– Указ Президиума Верховного Совета СССР…
Больше она ничего не успевает сказать – зал взрывается овацией. Всем уже и так все ясно. Дали!!!
Фурцева слегка вздрагивает, но ее строгое лицо смягчает понимающая улыбка. Она властно поднимает руку, зал послушно стихает. И Фурцева все-таки дочитывает:
– За большой вклад в развитие советского музыкального искусства присвоить Утесову Леониду Осиповичу почетное звание – «народный артист СССР»!
В зале снова шквал аплодисментов. Таких яростных, как будто это его – зала – личная победа. А застывший в кулисах Утесов вдруг обмякает, словно из него выпустили воздух, и как-то устало и негромко говорит сам себе:
– Дали… Таки дали… Ну и что?..
Он впадет в знакомое всем состояние, когда бессонными ночами напряженно готовишься к главному экзамену, а потом сдаешь его – и наступает полное опустошение.
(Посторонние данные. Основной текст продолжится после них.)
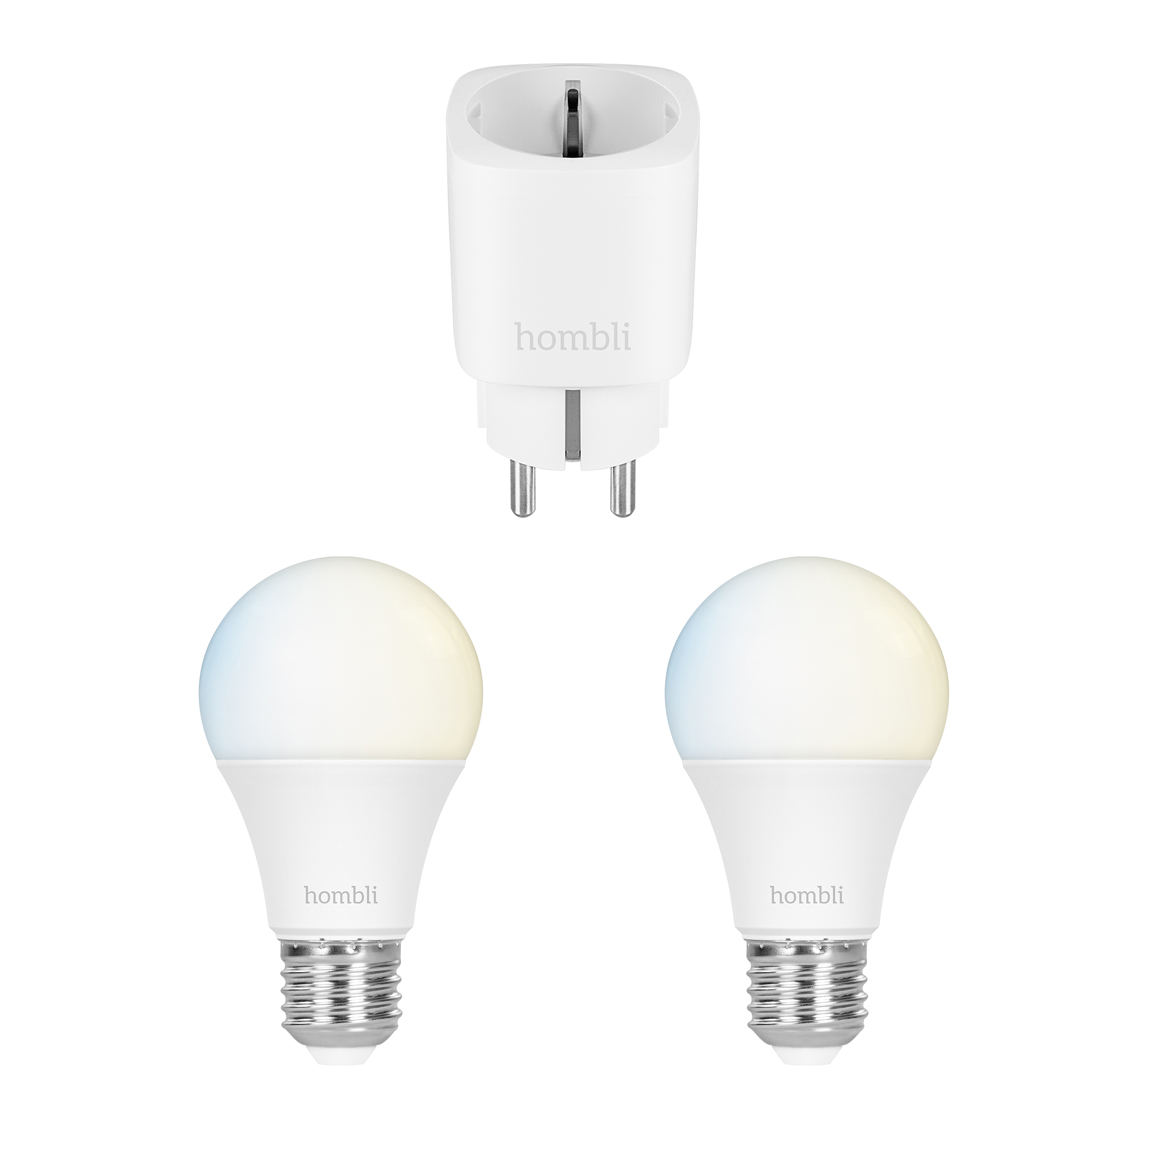 Hombli Smart Bulb White 2-pack + Smart Socket

Но Дита торопит отца:
– Папа, иди! Иди же, папа!
Утесов встряхивает головой, мгновенно надевает свою обаятельнейшую улыбку – а как же, профессионал! – и выходит на сцену.
Зал встает и аплодирует стоя. Фурцева вручает Утесову папку. И весомо сообщает всем:
– Хочу отметить, товарищи, что Леонид Осипович – первый… я подчеркиваю, первый артист эстрады… которого партия и правительство удостоили столь высокого звания!
Фурцева выжидающе смотрит на Утесова. И он оправдывает ее ожидания. Серьезнеет, делает торжественное выражение лица, настраивает голос на взволнованную глубину:
– Уважаемая Екатерина Алексеевна! Разрешите мне высказать искреннюю и глубокую благодарность за эту высокую награду нашей дорогой коммунистической партии и советскому правительству! – Он умолкает, словно сомневаясь в уместности дальнейших слов, но все же решается и широко улыбается: – И еще спасибо моей родной Одессе!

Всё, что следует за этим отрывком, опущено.